Prof. Lazim Abdullah
Universiti Malaysia Terengganu, Malaysia
Speech Title: On Interval Type-2 Fuzzy Moving Average Control Charts
Abstract
Previous literature suggests that fuzzy control charts are more sensitive than conventional one hence, it provides better quality and conformance of products. However, it is known that much of the data used in manufacturing sector cannot be expressed by type-1 fuzzy numbers and some of it more suitable to be expressed in type-2 fuzzy numbers. This paper aims to develop type-2 fuzzy moving average (MA) control charts by considering interval type 2 fuzzy numbers, and the case of known and unknown standard deviations. This new control chart combines the advantages of lower bound and upper bound of interval type-2 fuzzy numbers and a modified Best Nonfuzzy Performance as defuzzification method instead of typical centroid method, which can find the upper and lower control limits. In order to verify the performance of the proposed control chart, average run length (ARL) is computed and compared to other charts which are type-1 fuzzy MA chart and conventional MA chart. Twenty samples with sample size of six of fertilizers’ production is examined to identify the defects. Based on the result of the conventional MA chart, 8 out of 20 samples are “out of control”. On the other hand, type-1 fuzzy MA chart founds 10 samples are “out of control”, whereas interval type-2 fuzzy MA chart found 15 samples are “out of control”. Thus, we can conclude that, interval type-2 fuzzy chart is more sensitive and takes lesser number of observations to identify the shift in the process.

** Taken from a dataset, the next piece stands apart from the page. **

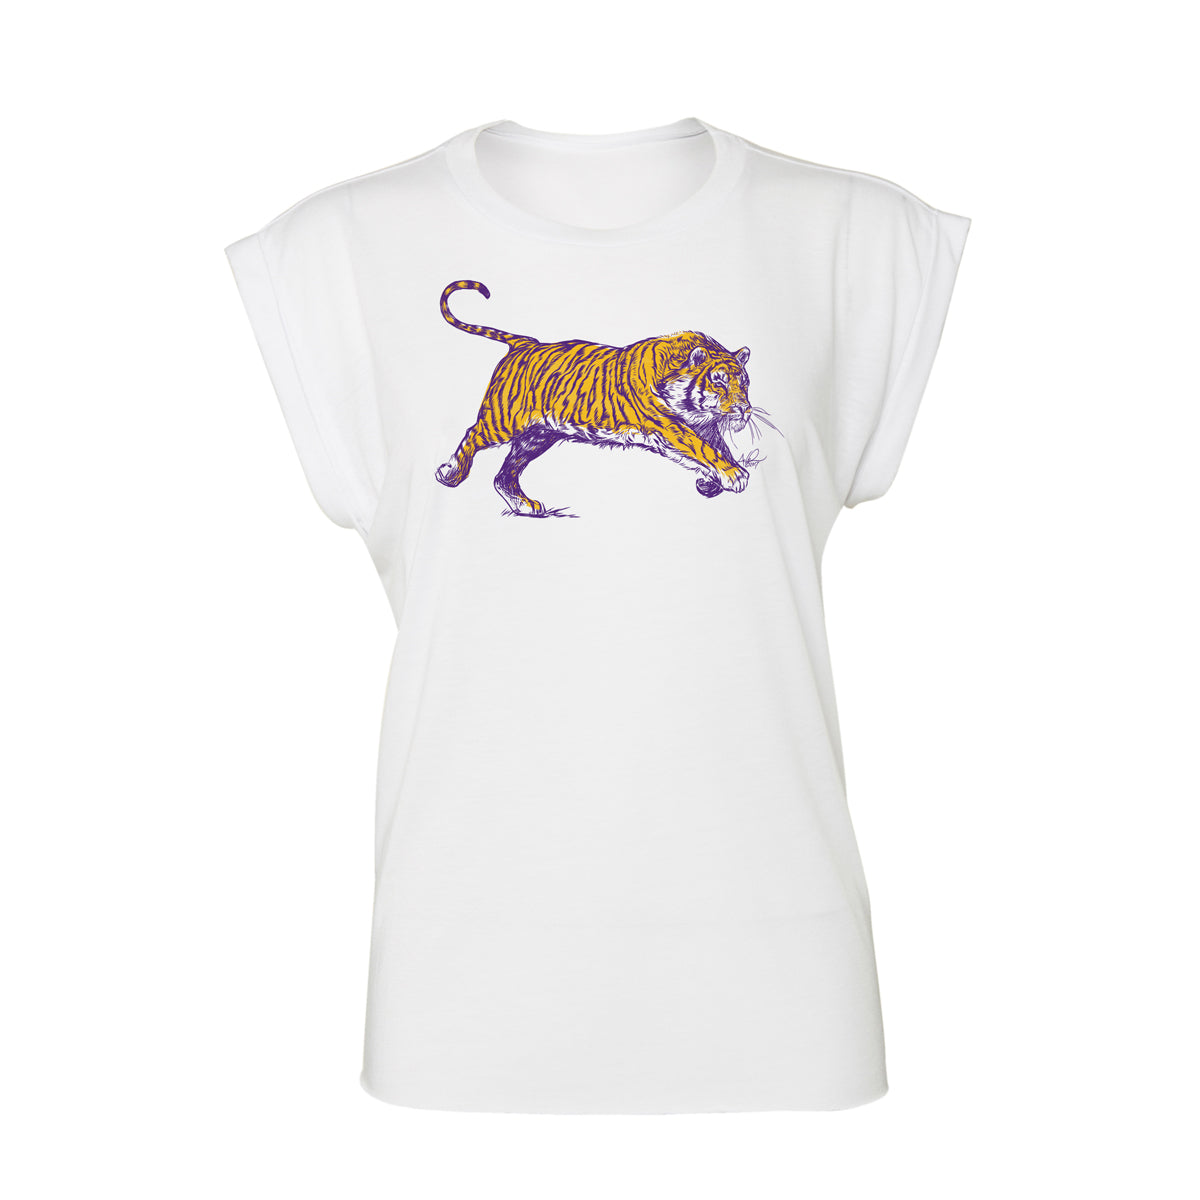 Charging Tiger Women's Top, Purple & Gold on White - Andrew Lee Design

In addition, the ARL test shows that interval type-2 fuzzy MA outperforms the other control charts under the comparison of ARL. Thanks to the introduction of interval type-2 fuzzy numbers to the MA and the explicit formula of ARL where the quality of fertilizers production can be improved.
Biography
Lazim Abdullah is a Professor of Computational Mathematics at the Faculty of Ocean Engineering Technology and Informatics, Universiti Malaysia Terengganu. He obtained his first degree from University of Malaya, in June 1984 and a master’s degree from the Universiti Sains Malaysia in 1999. He received his Ph.D from the Universiti Malaysia Terengganu, in 2004. His research and expertise focuses on fuzzy set theory of mathematics, decision making, applied statistics, and their applications to social ecology, environment, health sciences and management. His research findings have been published in more than 360 publications including refereed journals, conference proceedings, chapters in book, monographs, and textbooks. He was ranked among the world’s top 2% scientists for single year 2019 by Stanford University in the field of artificial intelligence and image processing. Currently, he is the Head of Data and Digital Sciences Research Cluster at the Universiti Malaysia Terengganu. Prof Lazim is a member of the IEEE Computational Intelligence Society, and a member of International Society on Multiple Criteria Decision Making.